Writing and occasional eye contact are the only way 48-year-old Gao Zhonghang can communicate with relatives and doctors, as a rare disease has deprived him of his ability to control the muscles in his mouth. Even swallowing food and drinking water are problematic for him.
Gao, who once worked in a county's tax bureau in Hebei Province, started to have problems articulating two years ago. Then, he started feeling a progressive weakness in his arms as the muscles started wasting.
Finally, one year ago in Beijing, he was diagnosed with amyotrophic lateral sclerosis (ALS). It is a rare, incurable disease, which the brilliant British theoretical physicist Stephen Hawking also has.
Doctors are giving ALS patients some hope. (photo: China Daily)
ALS is a progressive neurodegenerative disease that affects motor neurons in the brain and the spinal cord. When the neurons die, the ability of the brain to initiate and control muscle movement is lost. ALS patients increasingly lose their ability to move, as if they are frozen by ice.
As the disease progresses, patients gradually lose the use of their hands, arms, legs, and neck muscles, ultimately becoming paralyzed.
ALS patients often look smaller than normal people because, as muscles no longer receive messages from the motor neurons, they start shrinking and accordingly the limbs begin to look thinner.
Gao was the first ALS patient received last week by the Caregiving Center in the Second Hospital, affiliated to the China PLA General Hospital, which is cooperating with the Chinese Medical Doctor Association, to give medical aid to ALS patients. Ten patients will enter the program during its initial stage.
"We want to educate relatives so they can take better care of patients and prevent infections and complications," says Wei Dongning, director of the neurological department at the hospital.

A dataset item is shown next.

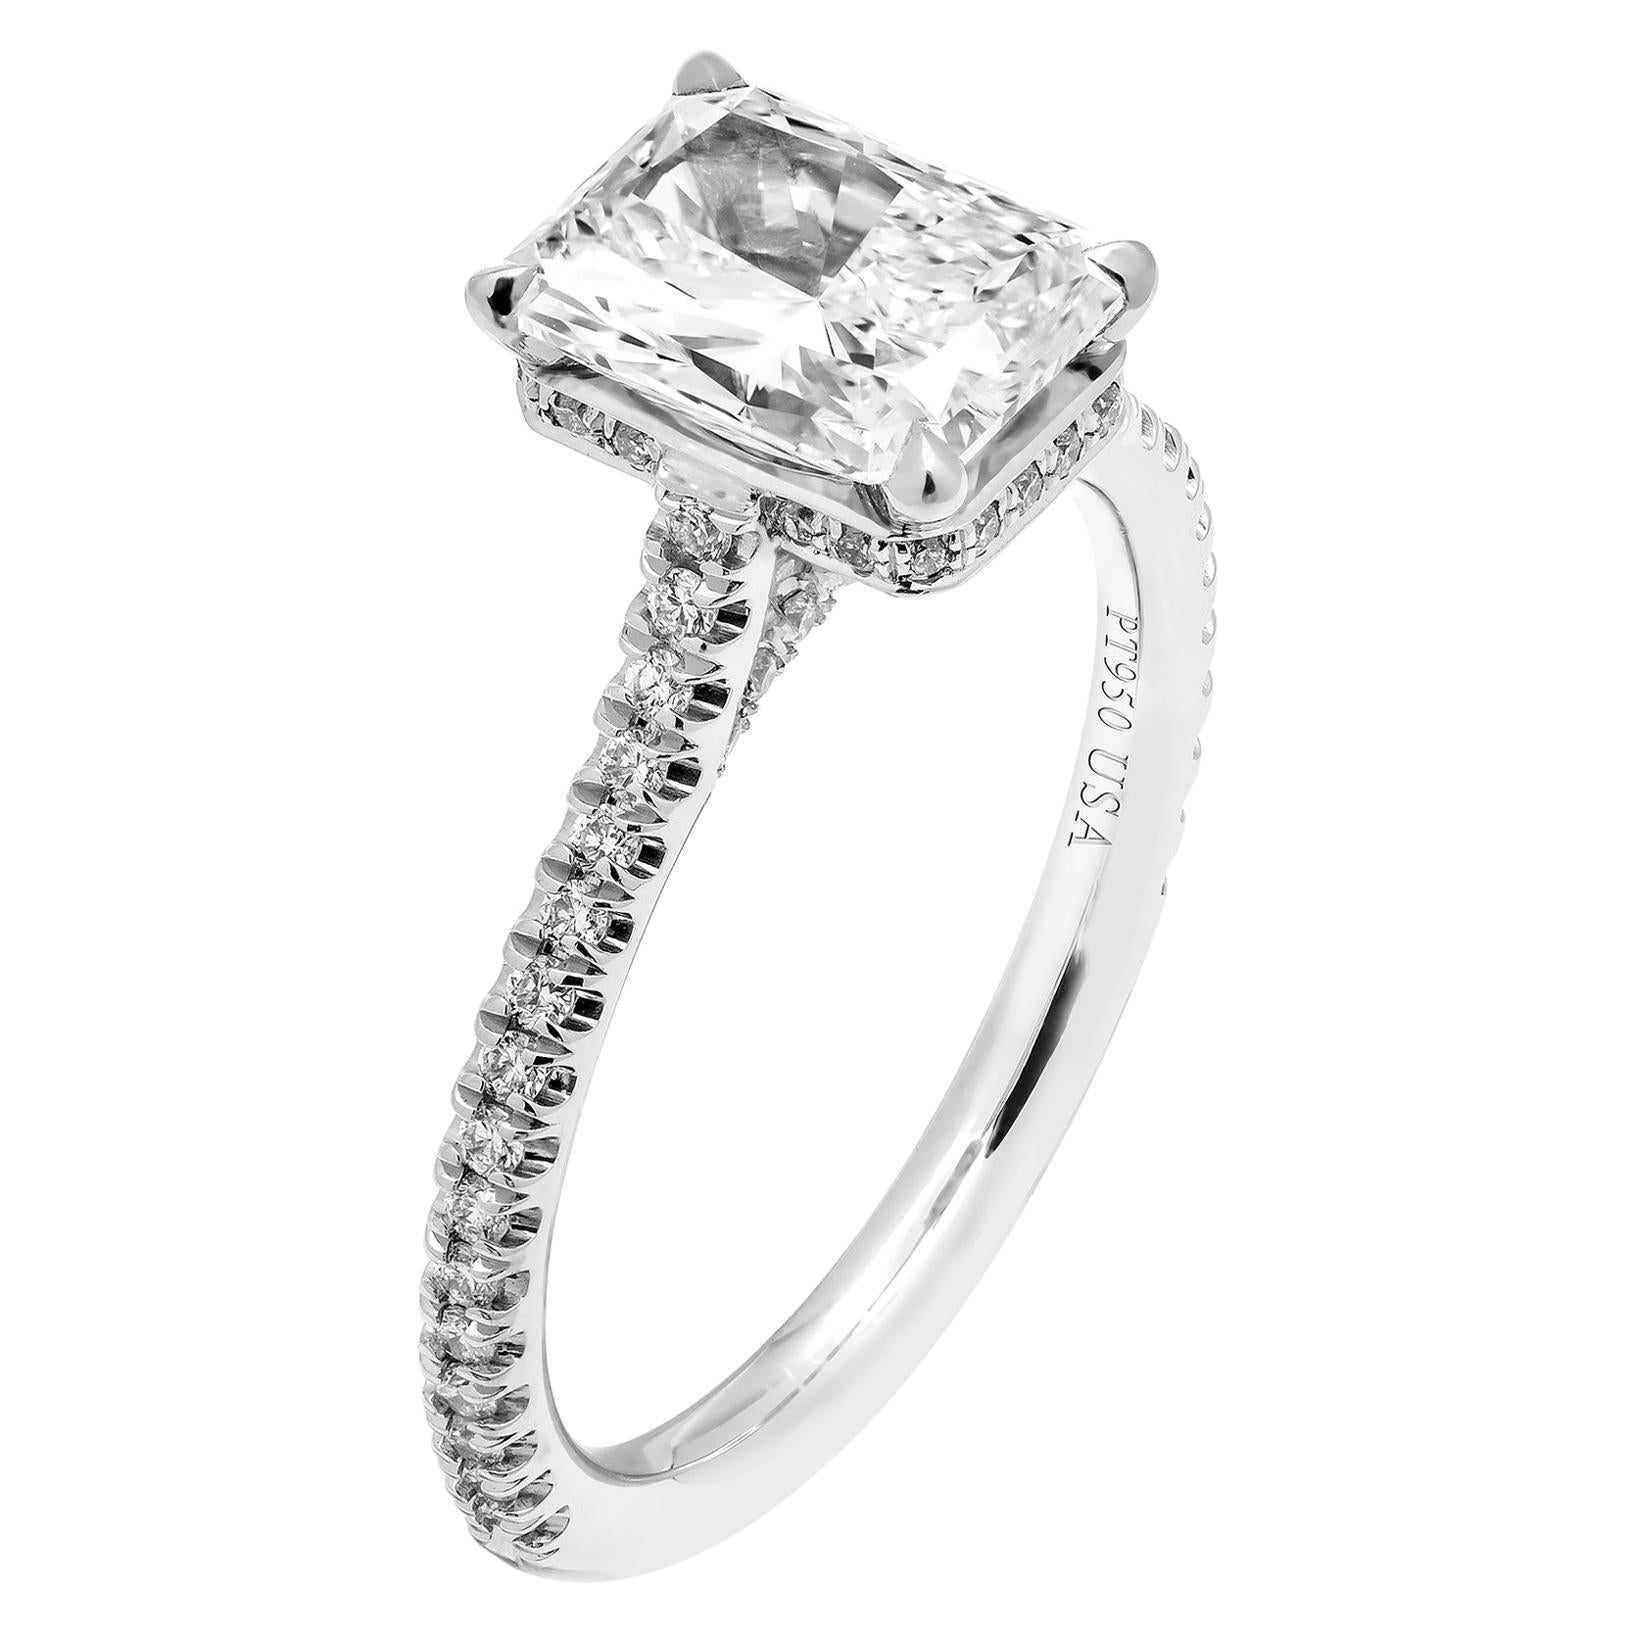 GIA Certified Engagement Ring with 1.71 Carat Radiant Cut Diamond

So far, there is no cure for ALS, though there are drugs that can slow down the disease's progression in the early stages. Therefore, seeking an effective cure is a hot area of research.
For some early stage patients, Wei is trying stem cell therapy. For Gao, it is worth the efforts. "At least it can provide a glimpse of hope for my brother," says Gao's brother.
Doctors have taken samples of Gao's marrow and they will culture it in the lab for about two weeks, before injecting it into the patient's spinal cord.
Bone marrow cells have the ability to divide into neural cells with the potential for treating neurological disorders like ALS, Wei explains.
However, he also warns that as the mechanism of motor neuron death in ALS remains unclear, it is possible transplanted stem cells will not be resistant to the source of damage that causes motor neurons to die.
Wei emphasizes the therapy is at an experimental stage, but he is certain it will do no harm.
So far, stem cell treatment trials on ALS patients have demonstrated some short-term beneficial effects, but in the long term the prognosis is not so optimistic.
ALS was first identified in 1869 by the French neurologist Jean-Martin Charcot.
"It is a very cruel disease. The patient's mind is clear and normal, but finally, they can only lie on the bed, incapable of any movement," Wei says.
It is estimated that there are as many as 200,000 people diagnosed with ALS in China. For most of them, once their disease is diagnosed, all they can do is to stay at home and wait for the disease to develop.
In the later stages patients have difficulty in breathing and can only survive on a ventilator. However, this is expensive, costing between 700 and 1,000 yuan ($94-135) every day.
Even if the patients can afford it, they can only prolong their lives by a few years. On average, ALS patients survive between three to five years.
Hawking is obviously an exceptional case and one of very few people to have survived 35 years, already, with the disease.
"His is a rare subtype of the disease. But he demonstrates the fact ALS does not impair intellectual function at all. His survival provides hope for ALS patients," Wei says.
Early symptoms of ALS may include unusual fatigue and clumsiness, muscle weakness, slurred speech, and difficulty in swallowing. But it is often mistaken for other diseases in the early stages as there is no test that can definitively diagnose the disease.
For instance, when ALS patients complain of upper limb weakness to an orthopedist, they are commonly treated as if they have cervical spondylosis.
Misdiagnosis can aggravate the disease. A wider awareness of ALS among doctors and the public is urgently needed, Wei says.